Function for Trace

Hello,

I am trying to write a Function for torch.trace (seems not to exist so far). Here is my code:

class CustomTrace(torch.autograd.Function):
    
    def forward(self, mat):
        self.save_for_backward(mat)
        return torch.Tensor([torch.trace(mat)])
    
    def backward(self, g):
        mat, = self.saved_tensors
        
        return torch.mul(torch.eye(int(mat.size()[0])),g[0])

When I try to check my result, its precision is not optimal, i.e.

input = (torch.autograd.Variable(torch.randn(2,2).double(), requires_grad = True),)
torch.autograd.gradcheck(CustomTrace(), input, eps = 1e-4, atol = 1e-3)

returns true. However,

input = (torch.autograd.Variable(torch.randn(2,2).double(), requires_grad = True),)
torch.autograd.gradcheck(CustomTrace(), input, eps = 1e-6, atol = 1e-4)

returns false. I would hope that my math is right. Is there any problem with my code or is this for some reason to be expected?

Thanks a lot!

Your function looks correct.
Some suggestions:

  • You dont need to save the entire mat for backwards, only mat.size()
  • mat.size()[0] -> mat.size(0)
  • you dont handle trace for non-square inputs.
  • the output return type is not the same as the input return type, because you use torch.Tensor. Instead use mat.new()

Overall, here’s a modified version that handles non-square inputs, and implements the other suggestions.

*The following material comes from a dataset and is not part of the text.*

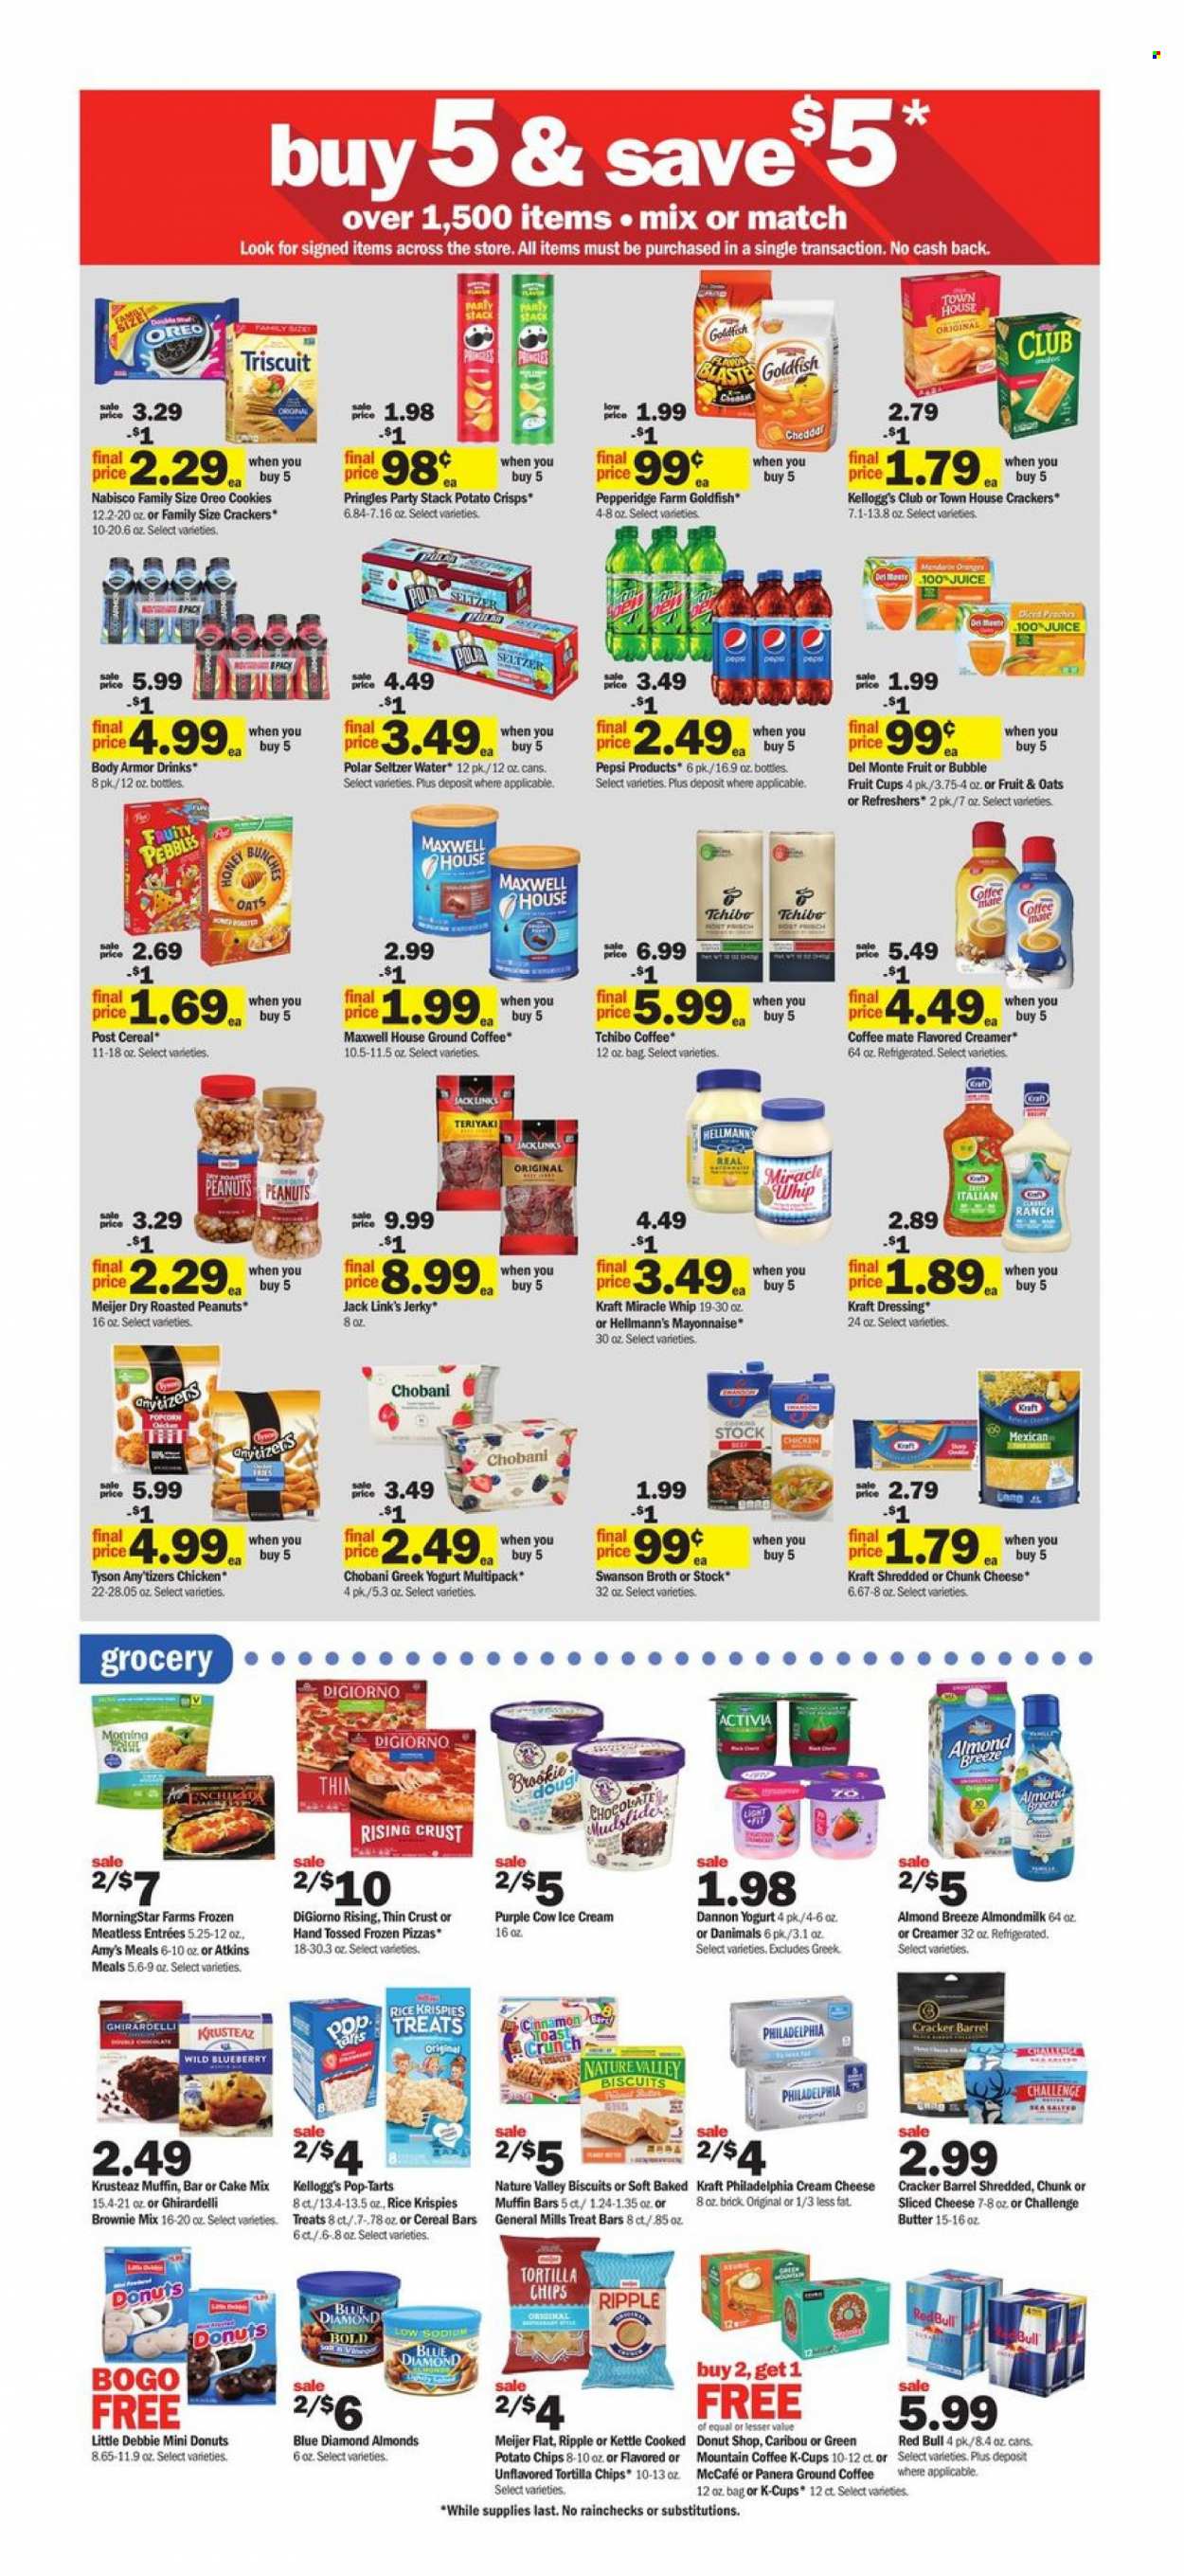 thumbnail - Meijer Flyer - 10/17/2021 - 10/23/2021 - Sales products - fruit cup, muffin, brownie mix, cake mix, pizza, MorningStar Farms, Kraft®, jerky, cream cheese, sliced cheese, Philadelphia, chunk cheese, greek yoghurt, Oreo, yoghurt, Chobani, Dannon, Danimals, almond milk, Coffee-Mate, Almond Breeze, butter, suet, creamer, mayonnaise, Miracle Whip, Hellmann’s, ice cream, cookies, cereal bar, crackers, Kellogg's, biscuit, Pop-Tarts, Ghirardelli, tortilla chips, potato crisps, potato chips, Pringles, Goldfish, Jack Link's, broth, Rice Krispies, Fruity Pebbles, Nature Valley, cinnamon, dressing, roasted peanuts, peanuts, Blue Diamond, Pepsi, juice, Body Armor, Red Bull, seltzer water, Maxwell House, ground coffee, coffee capsules, McCafe, K-Cups. Page 3.

class CustomTrace(torch.autograd.Function):
    
    def forward(self, input):
        self.isize = input.size()
        return input.new([torch.trace(input)])
    
    def backward(self, grad_output):
        isize = self.isize
        grad_input = grad_output.new(isize).copy_(torch.eye(*isize))
        grad_input.mul_(grad_output[0])
        return grad_input
1 Like

Thanks a lot! Amazing to see how much these few lines of code can be improved.

Thanks for pointing out that trace also works for non-square matrices (the mathematician in me assumed that trace only works for square matrices). I will try to implement this.

Edit: I see. It already works for non-square matrices. Thanks a lot.

FYI I think there’s something a little strange going on with gradcheck. For example, check out what happens with this simple function:

correlation_product = lambda f, d: torch.mul(d, torch.dot(f, d).expand_as(d))

print(gradcheck(correlation_product, (f, d), eps=1e-6, atol=1e-3))
print(gradcheck(correlation_product, (f, d), eps=1e-6, atol=1e-2))
print(gradcheck(correlation_product, (f, d), eps=1e-6, atol=1e-1))

prints False, False, True (f and d are declared as V(torch.FloatTensor(np.random.randn(5)), requires_grad=True)). My understanding is that this is using PyTorch’s built-in autograd, so it seems strange to have precision issues of this magnitude. This is on pytorch 0.1.11+8aa1cef.

you should ideally do gradchecks in double precision. Float precision might not be enough for finite difference to agree with analytical gradient.

2 Likes

That was exactly the problem – thanks!

I am not sure if this was different in March 2017, but there is a ready to use trace function with autograd capabilities now: torch.trace.

Just mentioning for everyone that gets here using a search engine.

3 Likes